THE COURT: Okay. Then that — at this point I’m not going to set it for any further proceedings. I have the expectation that you will sit down with Mr. van Asten and you will resolve your differences through the meetings.
And that if there’s a need for further proceeding, I’ll instruct you, Mr. van Asten, that if Mr. Donner wishes a court proceeding, that you are instructed to contact the court forthwith, and I will set it for a formal evidentiary hearing on whatever the particular issue is.
MR. VAN ASTEN: Will do, Your Honor.
THE COURT: Okay? In the meantime, is it your belief we need to have a formal proceeding with the grand jury?
MR . VAN ASTEN: I don’t believe so at this time, Your Honor.
THE COURT: Okay. Then I will not set it for a formal proceeding, and that will — that will resolve it for today.
I want to make it clear there was no hearing here.

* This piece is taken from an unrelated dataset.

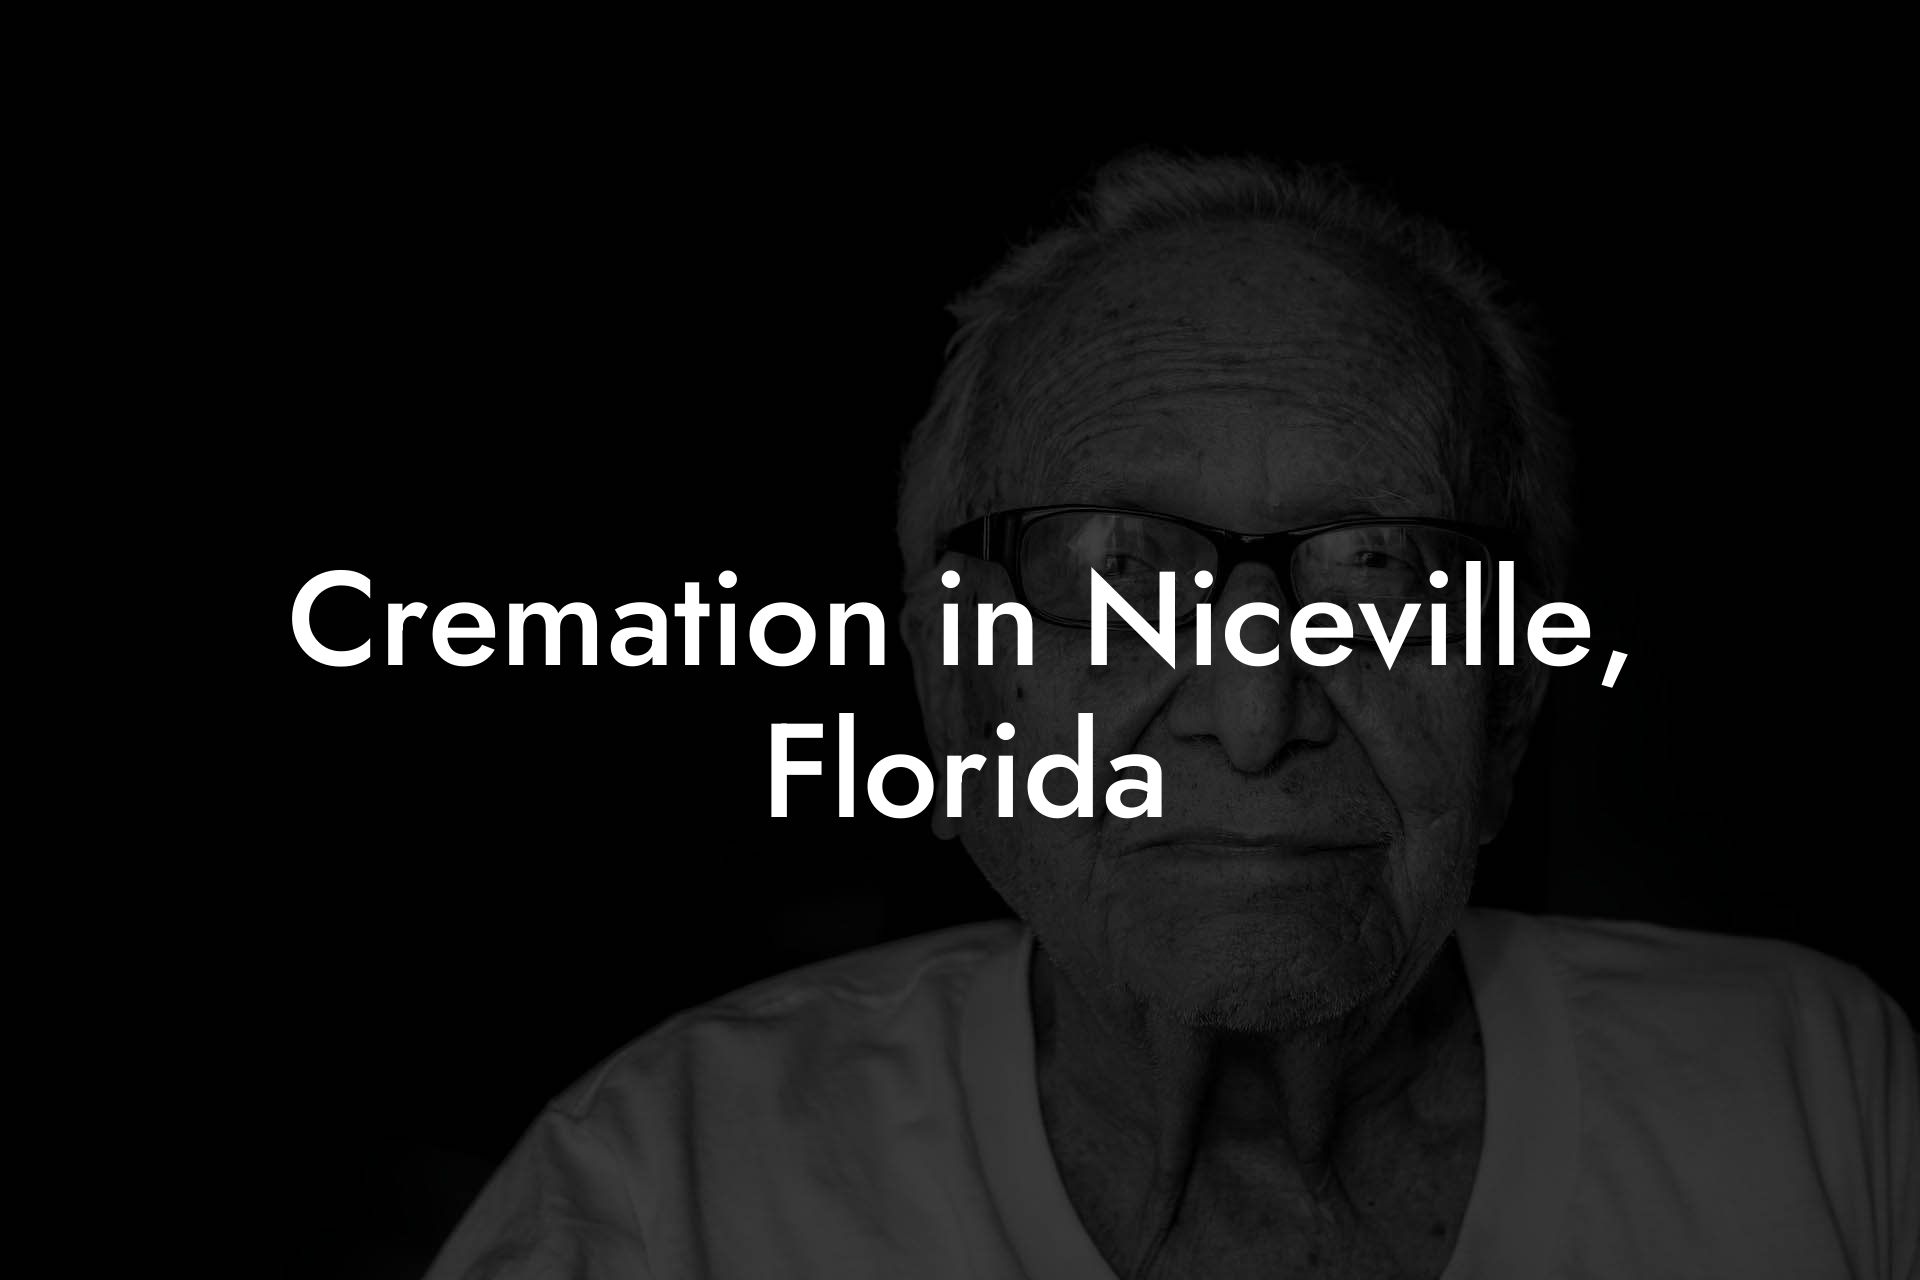 Cremation in Niceville, Florida

I mean, there’s no evidentiary hearing at this time. I didn’t get your full side of the story, so I’m reserving any type of decision as to whether you’re right, he’s right. You know, that’s for another day, if it needs to happen.
In the meantime, I want you to bridge and I want — and I know, because I’ve worked with Mr. van Asten on several occasions in the past when he’s been on the Grand Jury. I want the two of you guys to resolve these among yourselves. To the extent it doesn’t require bringing other jurors into it, that would be my preference.
But it is a grand jury. And if it needs to be discussed in the open jury room, I’m certainly not instructing anyone not to discuss it. But my preference is, and I think for the good of the jury, you should be — you and Mr. Van Asten ought to work these problems out.
But keep in mind that the foreperson of this jury and the one that is going to communicate with me is Ray van Asten. Okay?
That will be the — that will be all we’re going to do today. I do appreciate you being here on relative short notice. Okay.
MR. VAN ASTEN: Thank you, Your Honor.
THE COURT: We’ll stand in recess.
(The proceedings concluded at 4:15 p.m.)